The Centenari M1 was a Le Mans Prototype, originally built by Centenari in 1991 for the Italian Prototype Championship. In 1997 and 1998, it was used in the SR2 and the CN category of the International Sports Racing Series. Two cars are known to have been built.

==History==
===National events===
In 1991, Centenari entered Federico D'Amore and a M1 in several Italian Prototype Championship events. The best result of the season was a third-placed finish at Enna-Pergusa. For 1992, D'Amore left the team, and Stefano Speranza was entered at Monza, but failed to finish. Arturo Merzario was then entered in two races, with his best finish being eighth at Vallelunga. The car was not used again in 1993, but Merzario used the car from 1994 until 1997 in the series. He took the car's first ever victory at Vallelunga in 1995, and he would take four more Italian Prototype Championship victories in the car. The team started their 1998 season at the 1000 km Monza, which was part of the GT Italian Challenge and the Challenge Endurance Italia, with Merzario, Giovanni Li Calzi, Robin Donovan and Fulvio Ballabio driving the M1. Although the car was qualified in twelfth, it did not have a successful race, as it was retired after 73 laps.

===International Sports Racing Series===
In 1997, Centenari entered the new International Sports Racing Series (ISRS), with the M1. The M1 featured an Alfa Romeo-sourced 3-litre V6 engine, and was classified as a SR2 car. The team made its debut in the season opener at Donington Park, with Merzario and Giovanni Li Calzi hired as drivers, and won their class at the first attempt; as the only other SR2 class entry, a Didier Bonnet Racing-entered Debora LMP297-BMW, retired from the event. Although they retired from the following round at Zolder, having entered under the "Symbol Team" banner, they took an overall win at Brno (competing in the CN class as no other SR1 or SR2 entries were present) for the only time in the team's history. The entry for the final race at Jarama was made under the Centenari name once more, and the team took the SR2 class victory, and finished second overall.

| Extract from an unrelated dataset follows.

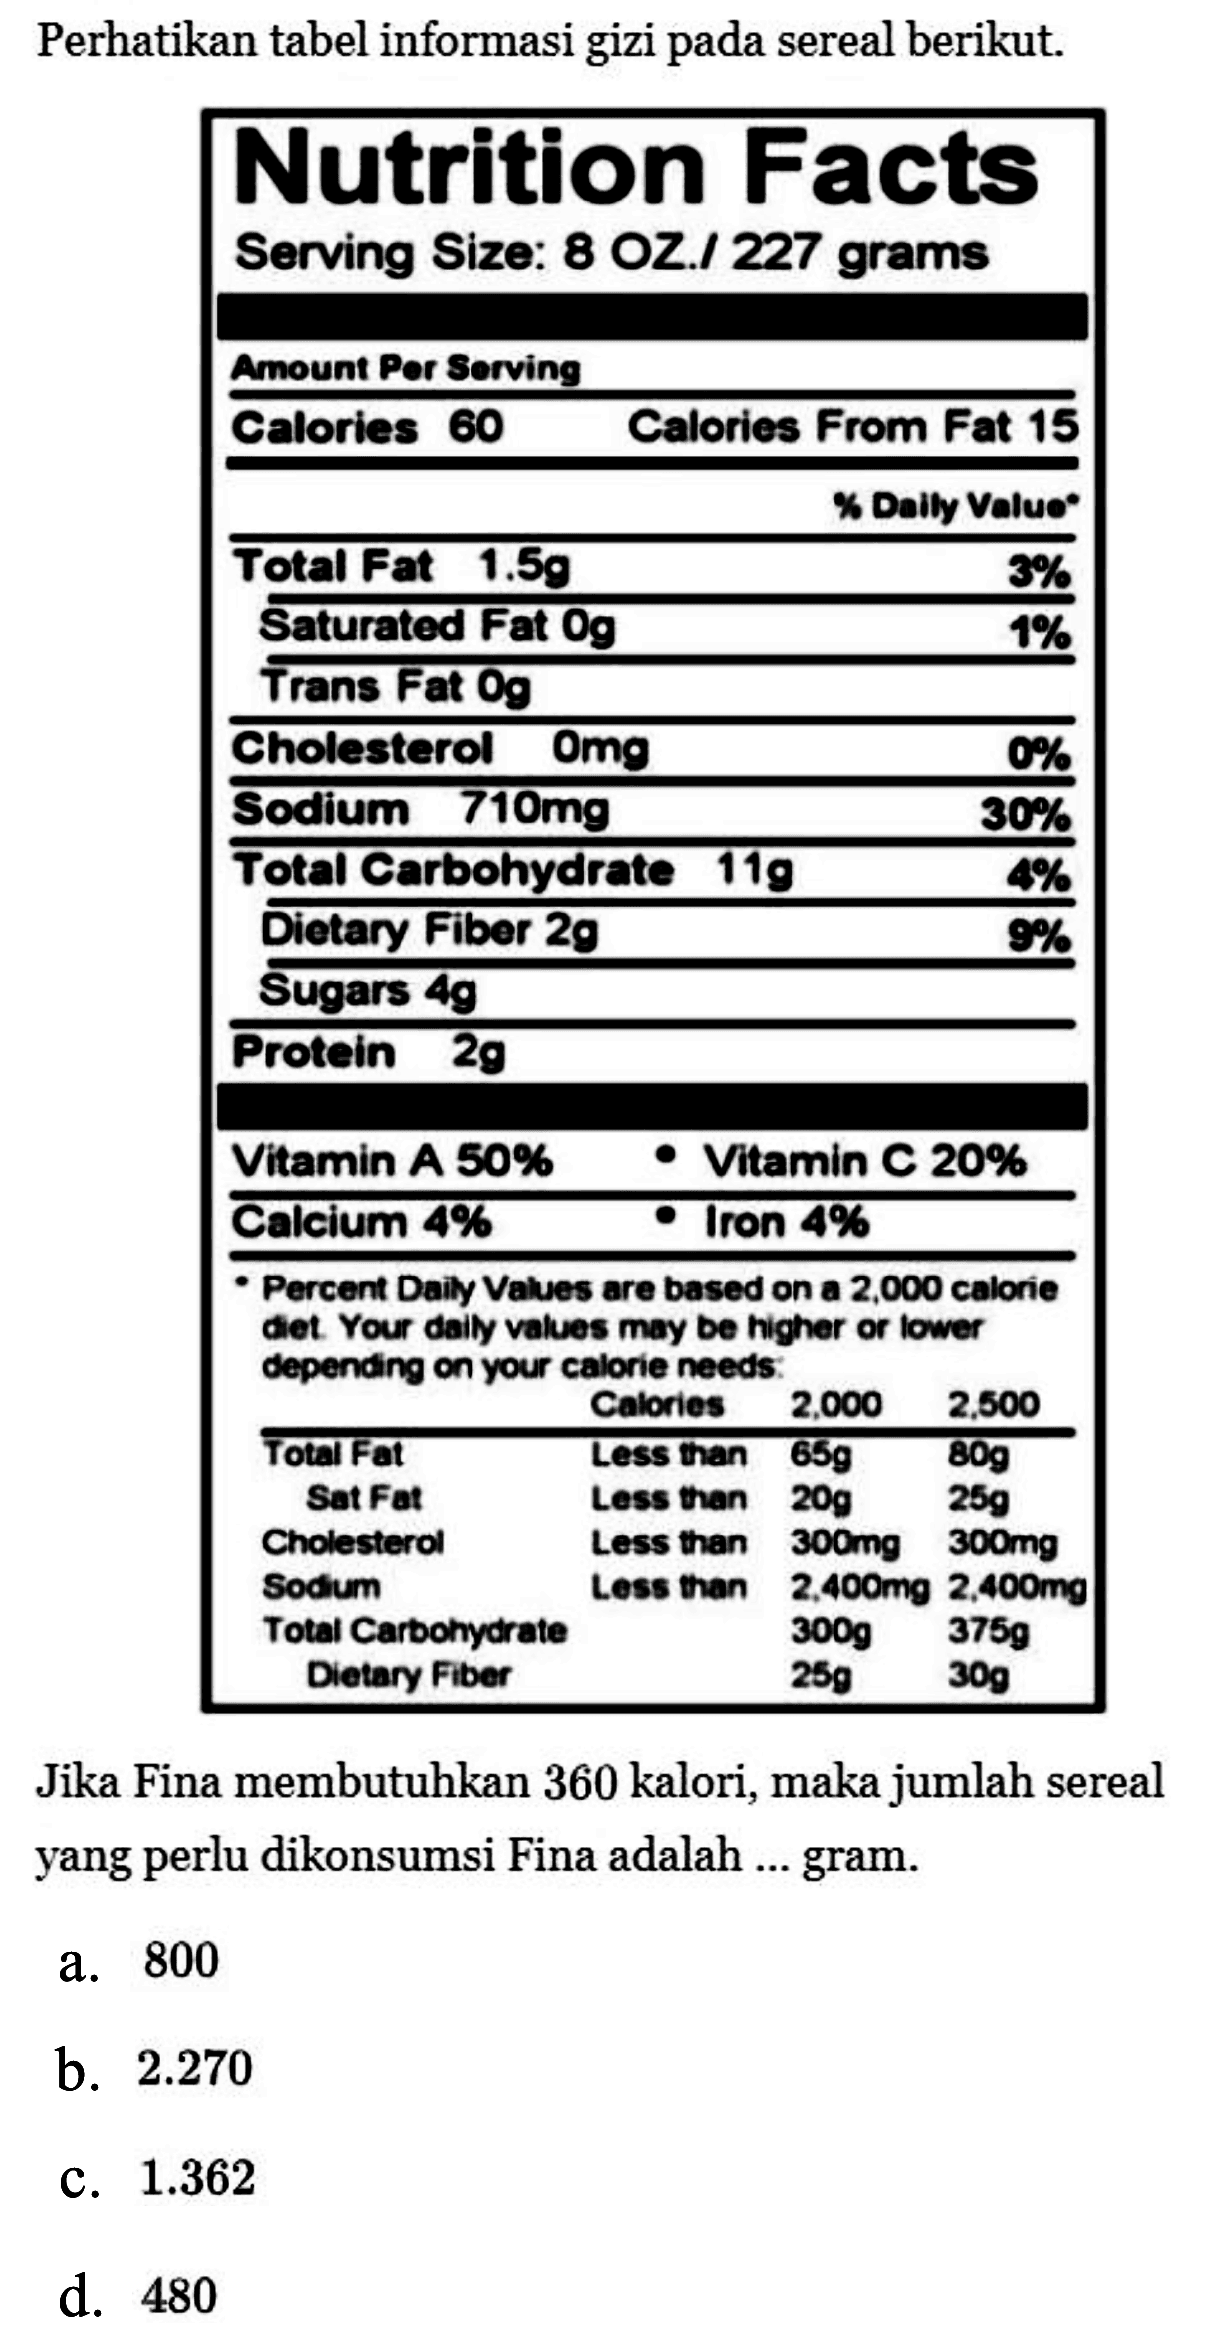 Perhatikan tabel informasi gizi pada sereal berikut. Jika Fina membutuhkan 360 kalori, maka jumlah sereal yang perlu dikonsumsi Fina adalah ... gram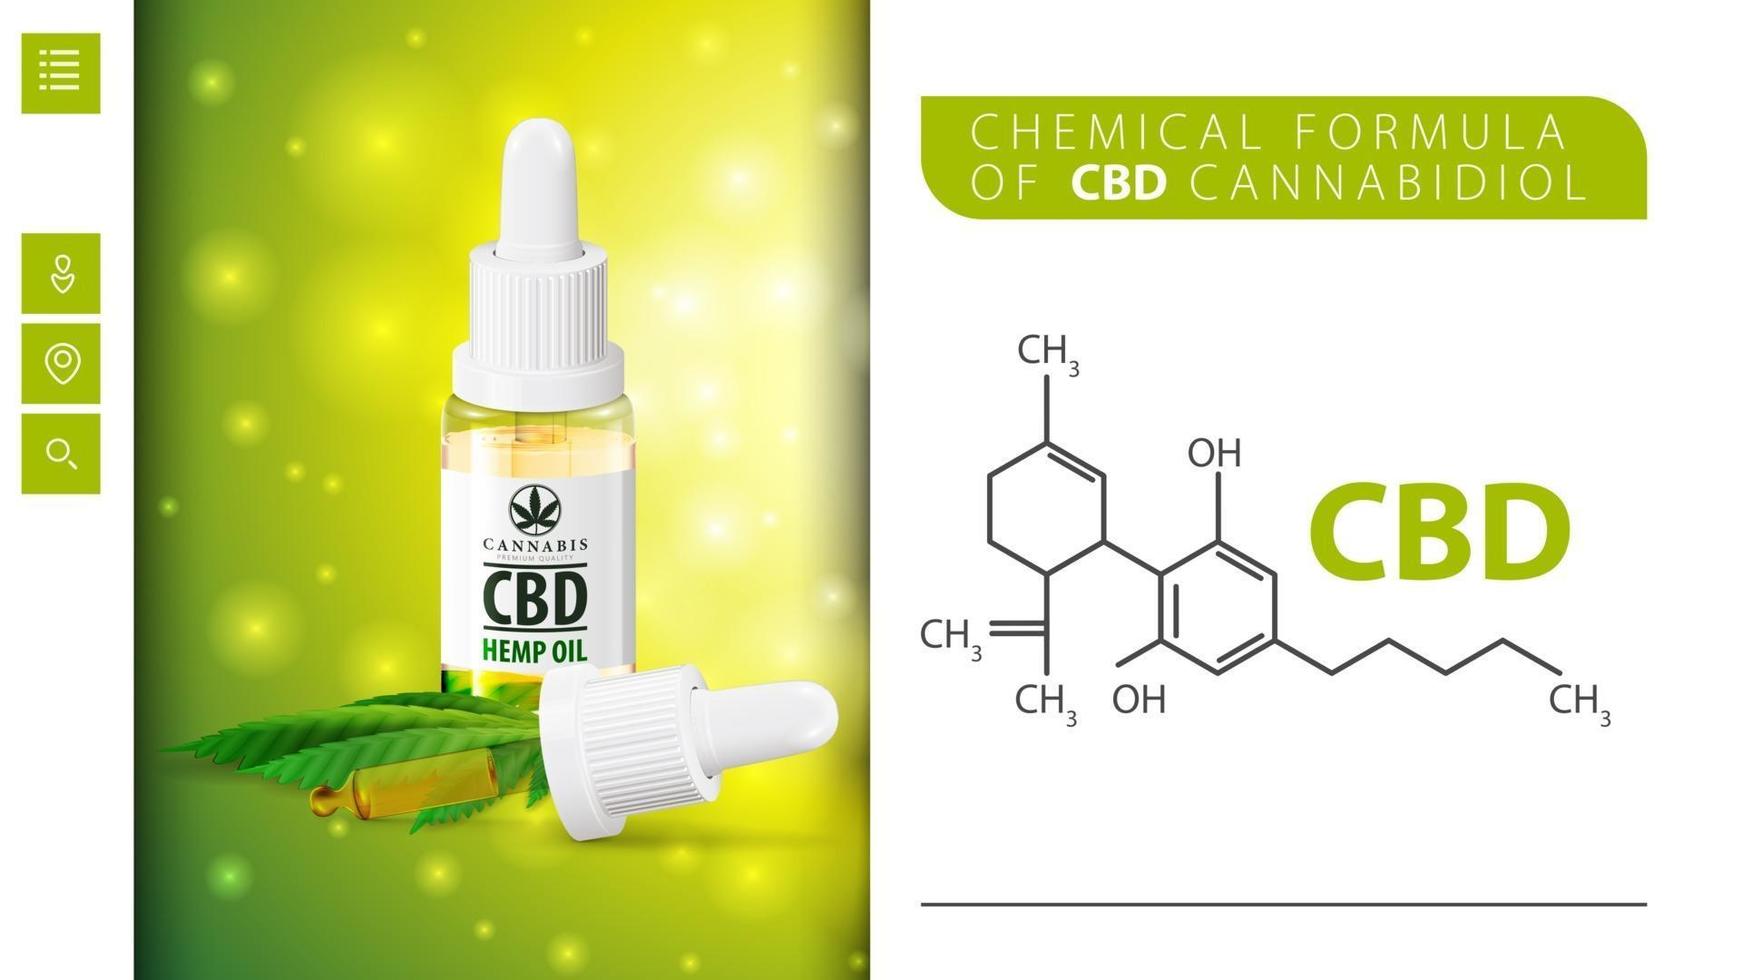 fórmula química de cbd cannabidiol y botella de aceite de cbd con pipeta. cartel blanco y verde para el sitio web vector

For 1998, a new car, the Centenari Mac3, was developed, and the team expanded to a two-car effort, with the M1 being retained. In the ISRS season opener at Paul Ricard, the M1 finished fourth, being classified in the CN category; both the M1 and the Mac3 were the only cars in that category to finish the race. This was followed by a tenth overall finish (third in the CN class) for the M1 at Brno. For Misano, Centenari entered three cars; two M1s, and a Mac3; however, both M1s retired. At Donington Park, only one of the M1s was classified as finishing, in last place overall, as the other M1 did not start the race. Anderstorp once more saw only one M1 finish, in last place overall, as the other M1's differential failed after a single lap. At the Nürburgring, once again a single M1 finished, in thirteenth overall; however, this meant that the car was the last finisher in the CN class. At the penultimate round at Le Mans, one of the M1's engines expired before it completed a lap, and the other experienced an engine failure after 30 laps. A single M1 was the only Centenari entry in the season finale at Kyalami; however, it retired with clutch issues after 32 laps. Centenari were classified joint-second in the CN Team's Championship, and eleventh overall, at the end of the season. That proved to be the car's last race.